Coordinated Omission (Gil Tene) — why closed-loop benchmarking under-reports tail latency. Moon's benchmark methodology follows open-loop principles.

Protocol & compatibility specifications¶

Moon targets drop-in Redis compatibility. These are the specs it implements.

Redis Protocol Specification (RESP2/RESP3) — the wire protocol parsed in src/protocol/.
Redis Commands Reference — command semantics Moon preserves. Any deviation is a bug.
Redis Cluster Specification — 16,384 hash slots, gossip protocol, MOVED/ASK redirections, epoch-based failover.
PSYNC2 Replication Protocol — partial resynchronization. Moon's replication in src/replication/ implements PSYNC2 so Redis replicas can peer with Moon primaries and vice versa.

Core runtime dependencies¶

Each dependency was chosen for a specific, load-bearing reason. Swapping any of them would require measurable justification.

Crate	Purpose	Why chosen
monoio	Thread-per-core async runtime	`io_uring` on Linux, `kqueue` on macOS. Production-proven at ByteDance. Lower per-op overhead than Tokio for request-response workloads.
tokio	Fallback async runtime	Broad ecosystem, cross-platform, CI-friendly. Used as portable alternative behind a feature flag.
tikv-jemallocator	Memory allocator	Reduced fragmentation for long-running servers. Production-proven by TiKV.
rustls	TLS implementation	Pure Rust, no OpenSSL dependency, async-native.
aws-lc-rs	Cryptographic backend	FIPS-capable, high-performance AES-GCM and ChaCha20.
mlua	Lua 5.4 VM	Redis `EVAL`/`EVALSHA` compatibility via safe Rust bindings.
memchr	SIMD byte search	~6.5× faster CRLF scanning than `std`. SSE2, AVX2, NEON dispatched at runtime.
fst	Finite-state term dictionary	Compact, sorted FST map for `FT.SEARCH` prefix and fuzzy term expansion.
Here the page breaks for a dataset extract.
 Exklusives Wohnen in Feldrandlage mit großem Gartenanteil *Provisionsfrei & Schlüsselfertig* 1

Feature-gated behind `text-index`.
levenshtein_automata	Bounded-edit fuzzy matching	Builds Levenshtein automata intersected with the term FST for typo-tolerant full-text search.
bumpalo	Bump allocation arenas	~2 ns allocation, O(1) bulk deallocation per request. Used for per-request scratch buffers.
bytes	Zero-copy buffers	`Bytes::freeze()` for shared response data without copying; reference-counted slices for pipeline batches.
xxhash-rust	Non-cryptographic hashing	Fast key hashing for DashTable segment routing.
crossbeam-utils	Concurrency primitives	`CachePadded<T>` for false-sharing prevention on hot atomics.
ringbuf	SPSC ring buffer	Lock-free cross-shard message passing.
phf	Perfect hash map	Static command metadata registry; constant-time lookup for cold commands (hot commands use a direct match — see dispatch hot-path recovery).
ordered-float	Total-ordered floats	Sorted-set score keys.
parking_lot	Non-poisoning locks	Faster, poisoning-free `RwLock`/`Mutex` for per-shard state.

Benchmarking methodology¶

Moon's benchmark numbers follow industry-standard practices. These are the references worth understanding before interpreting any results.
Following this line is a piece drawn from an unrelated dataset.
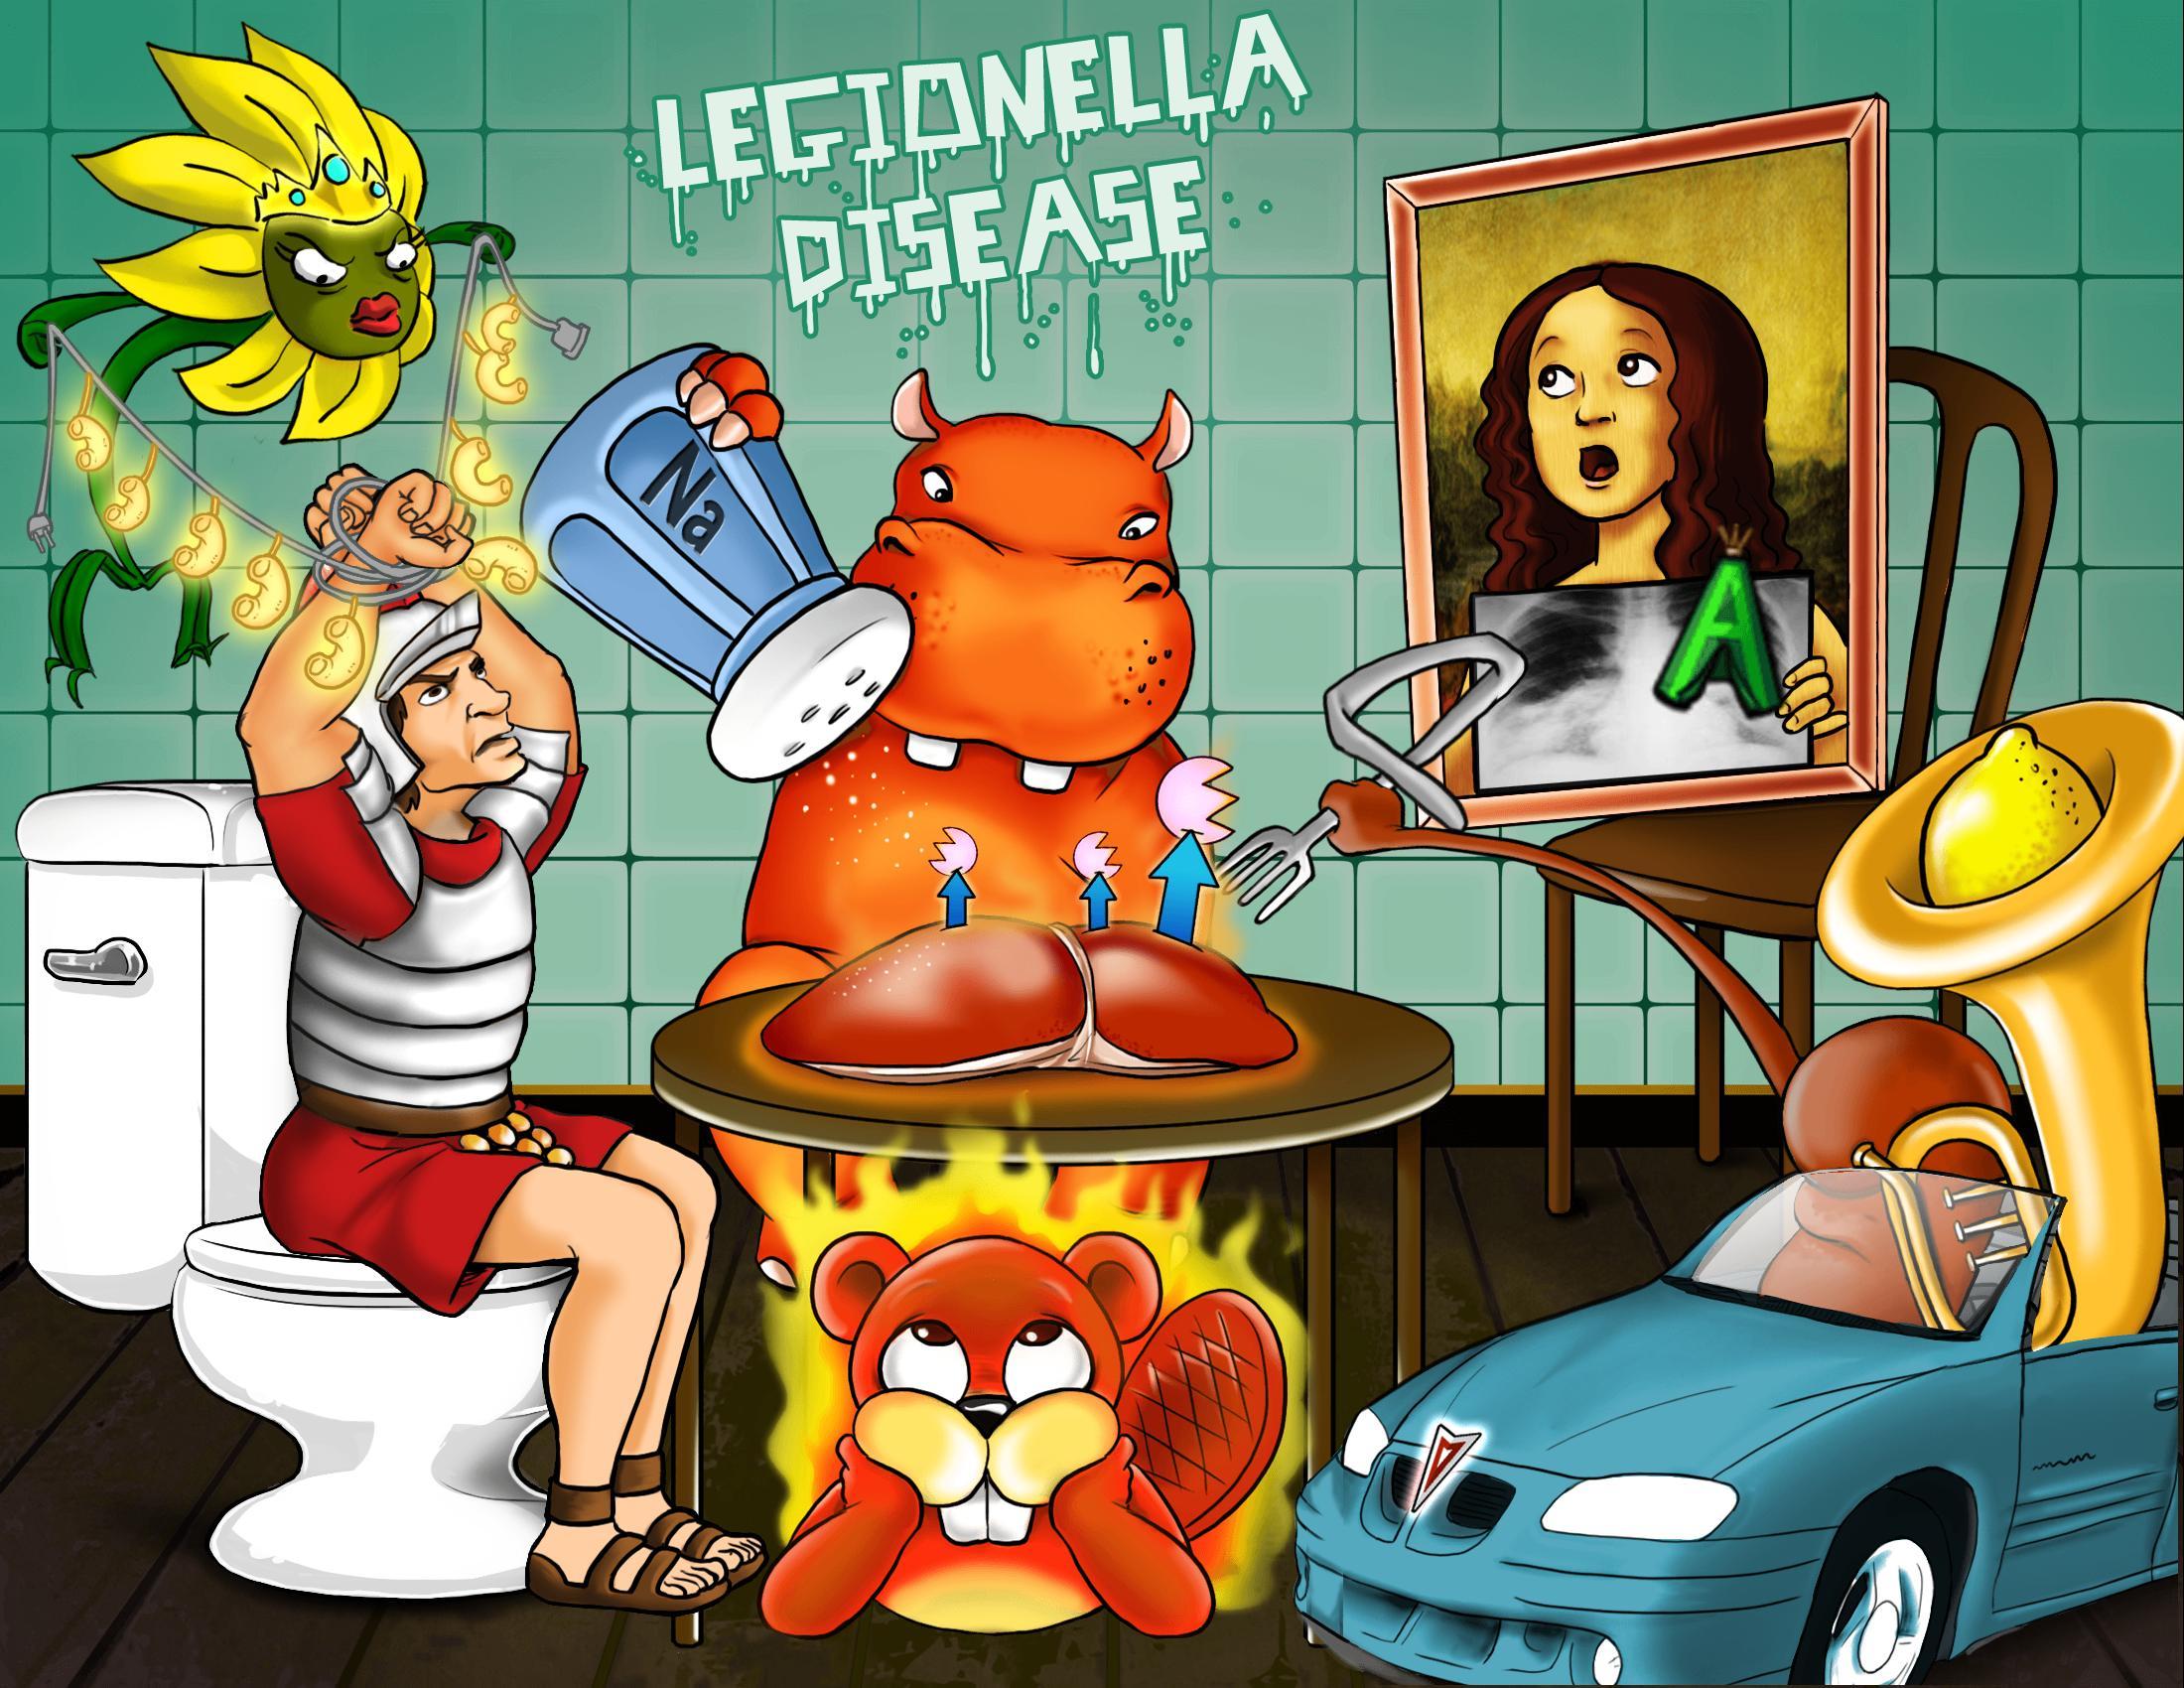 Legionella Disease

Redis vs Dragonfly Performance (Redis blog) — fair comparison methodology: same cores, cluster vs single-process, honest caveats.
memtier_benchmark — industry-standard Redis benchmarking tool. Moon's benchmark scripts use redis-benchmark for parity with published Redis numbers, and memtier_benchmark for latency distribution analysis.
Coordinated Omission (Gil Tene) — why closed-loop benchmarking lies about tail latency, and how to measure honestly.

License & attribution¶

Moon is Apache 2.0 licensed. Each dependency carries its own license — see Cargo.lock and cargo tree --format "{p} {l}" for the full list. If you ship Moon in a product, comply with the combined license set. The maintainers recommend running cargo about generate to produce a THIRD-PARTY.md for your distribution.